Plus les années passent, plus ce qu’elle s’imagine devient solide. Pas dans le monde réel, mais dans son cerveau. Elle est persuadée ainsi de vivre en plein air et de vivre des tonnes d’aventures en tout genre.
Et c’est là que c’est dangereux. Par je ne sais quel miracle, elle se persuade tellement de son monde qu’elle en vient à renier la réalité. En gros elle fout un immense DENIAL, comme diraient les anglais, à la gueule du monde. Elle réfute la réalité, accepte comme seule vérité son imagination.
Bon, dis comme ça on s’en fout un peu : la fille est devenue dingue ; laissons là dans son monde et elle nous fera pas chier.
Sauf qu’elle s’est mis en tête d’imposer sa vision de la réalité au reste du monde. Ceci va d’ailleurs se passer en deux étapes :
1ère étape
Je n’ai pas encore décidé comment, mais son refus de la réalité est tel qu’elle arrive à rendre physiquement réel, du moins à ses seuls yeux, ce qu’elle imagine.
Par exemple, si elle imagine qu’un escalier est devant elle, bah elle le montera. Mais, vous allez me dire, elle va se vautrer vu qu’il y a du vide !!! Eh bah non. Elle va littéralement GRAVIR l’escalier qui n’existe pas. Les gens qui la regarderaient verraient une fille qui marche dans le vide. Mais elle, non ; elle verrait clairement un escalier à monter. La dangerosité de cette notion de solipsisme est le fait qu’il ne faut avoir aucune hésitation quand à ce qu’on imagine. Parce que si en court d’escalade elle se rend compte ou admet que l’escalier n’existe pas, bah ça va nous la faire comme dans les vieux Tex Avery ou Looney Tunes : elle va se retrouver au milieux du vide, tapotant partout autour d’elle pour voir si y’a un endroit où prendre prise, avant de chuter et s’péter la gueule :p
Donc ça c’est la première étape.
2ème étape
La plus dangereuse aux yeux de l’humanité.

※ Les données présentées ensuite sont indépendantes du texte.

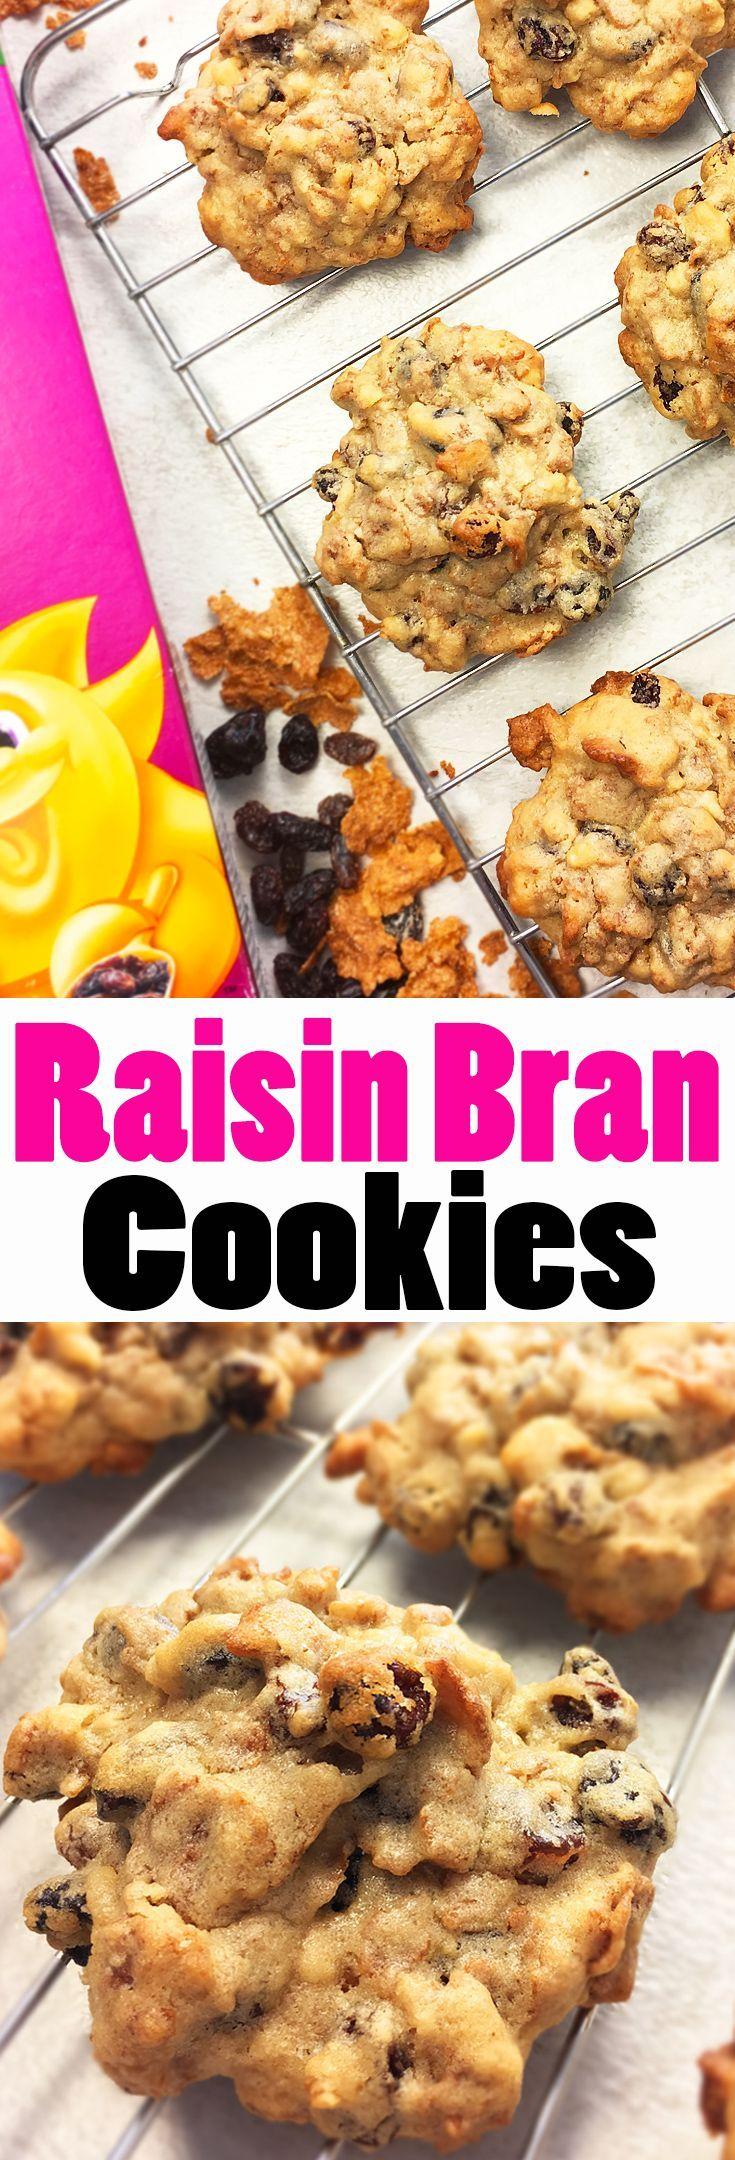 Easy Raisin Bran Cookies made with Kellogg's Raisin Bran Cereal. A #vintage #recipe featuring delicious molasses. #Raisin #bran #cookies #Yummy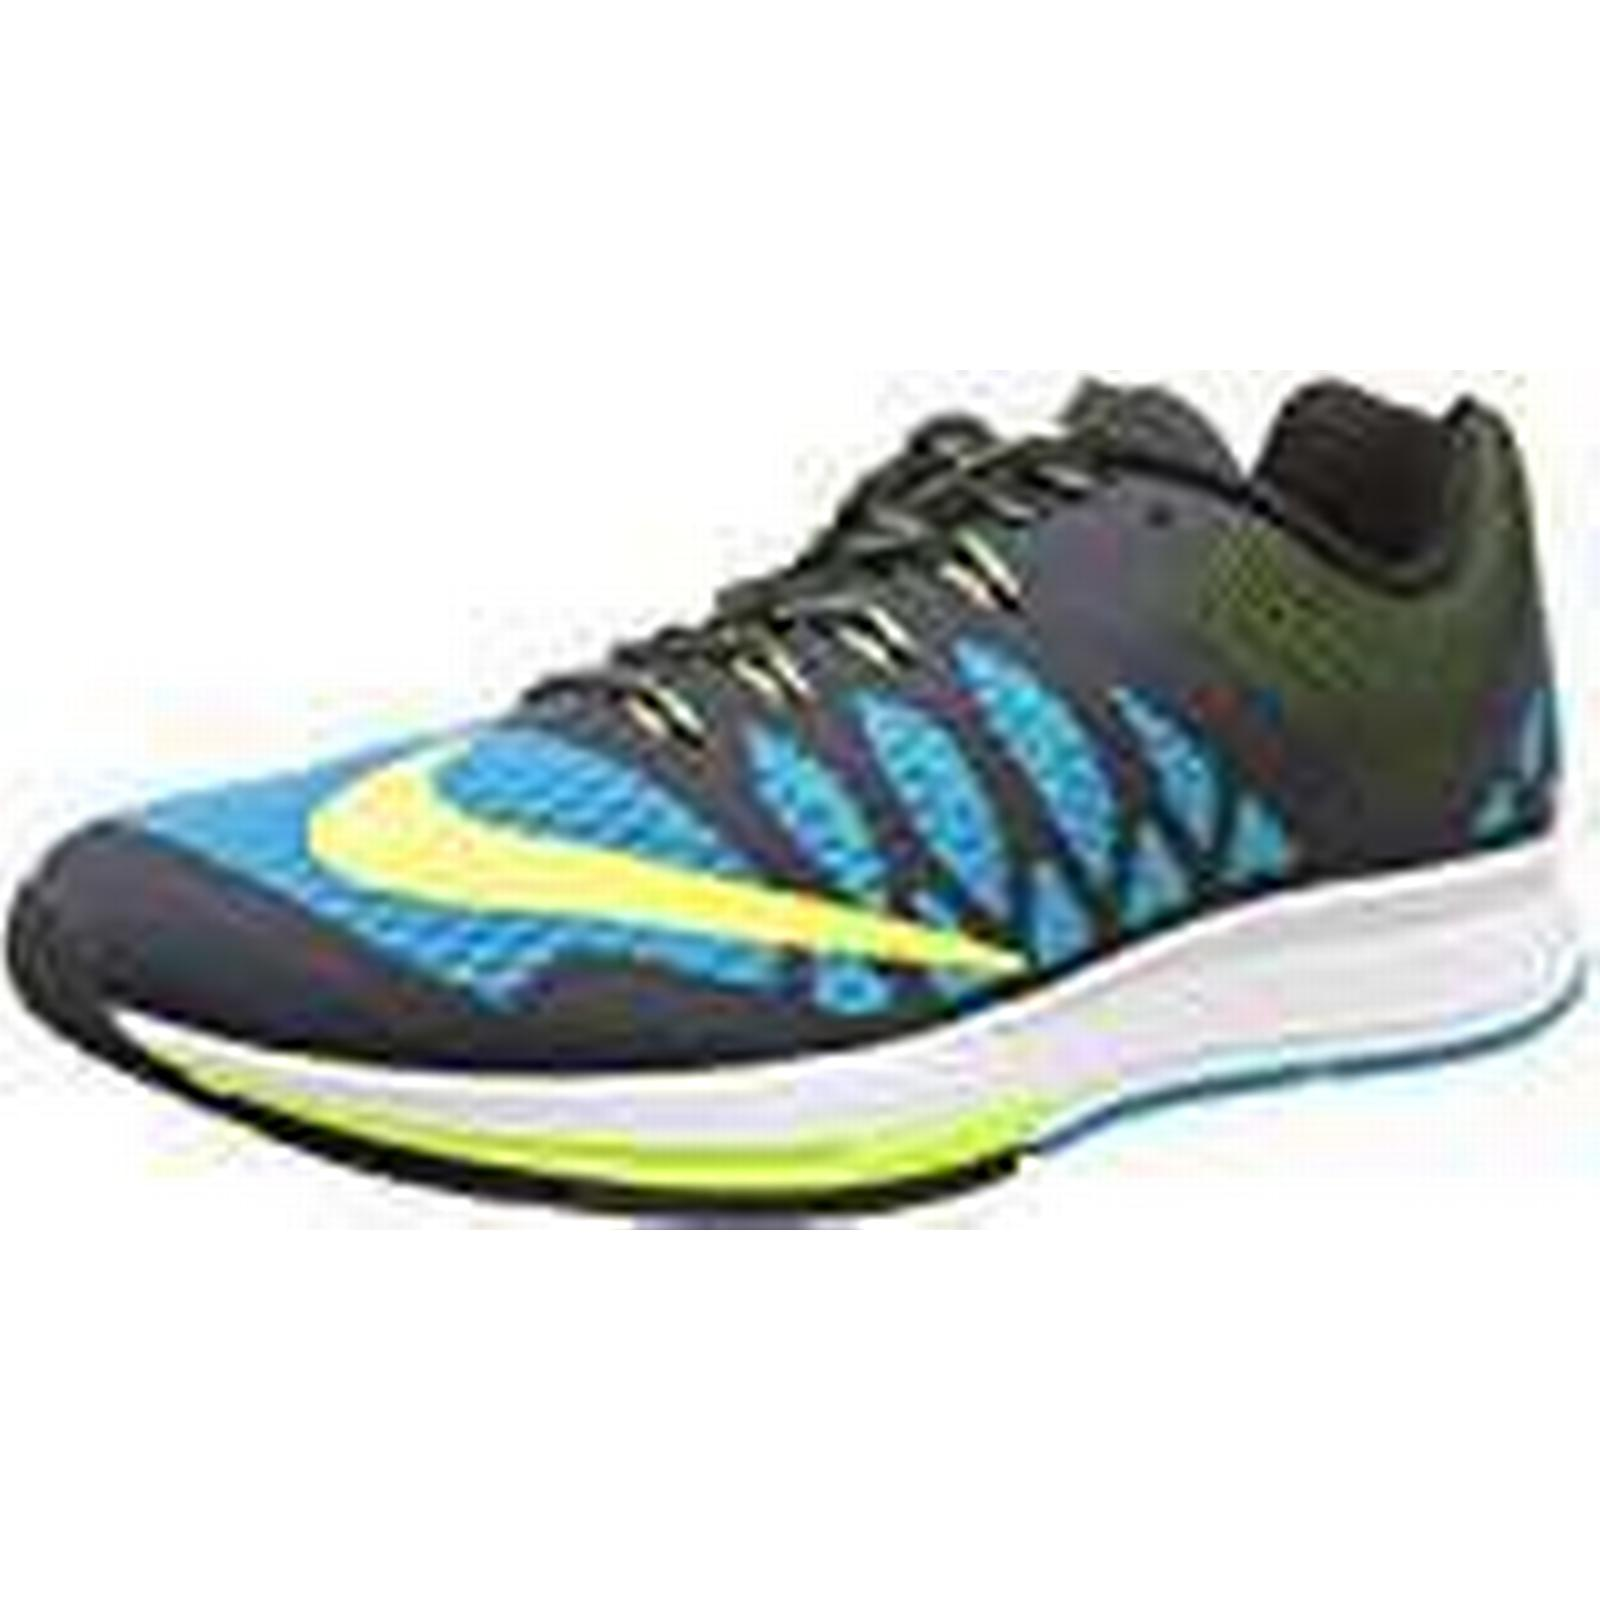 NIKE Air Zoom Elite 7, Men's Obsidian), Shoes, Multicolor (Blue Lagoon/Volt/Dark Obsidian), Men's 7.5 UK b04706

Car cette fois ci, elle aura acquis suffisamment d’expérience pour imposer sa réalité aux autres. Toujours avec l’exemple de l’escalier, et bien cette fois-ci elle arrivera à persuader les gens autour d’elle que cet escalier existe et ils arriveront réellement à y monter. De la démence, je vous dis \o/
Mais ce n’est pas tout. Car pour le moment elle se contentait seulement d’imposer sa réalité à elle. Maintenant elle tente aussi de faire renier la réalité des autres. Un arbre devant ? « Il n’existe pas » et pschiiiiit pouf badabam l’arbre disparait comme si il n’avait jamais existé. Un niveau ultime de ce pouvoir pourrait être carrément la suppression d’humain. Un humain en face d’elle la ferait chier qu’elle serait capable de le persuader qu’il n’existe pas, qu’il n’est qu’une illusion, un fantôme créé à partir des fantasmes et des souvenirs d’autres personnes, etc. (j’crois avoir déjà entendu une histoire pareille dans un jeu vidéo, p’têt le RPG Planescape : Torment).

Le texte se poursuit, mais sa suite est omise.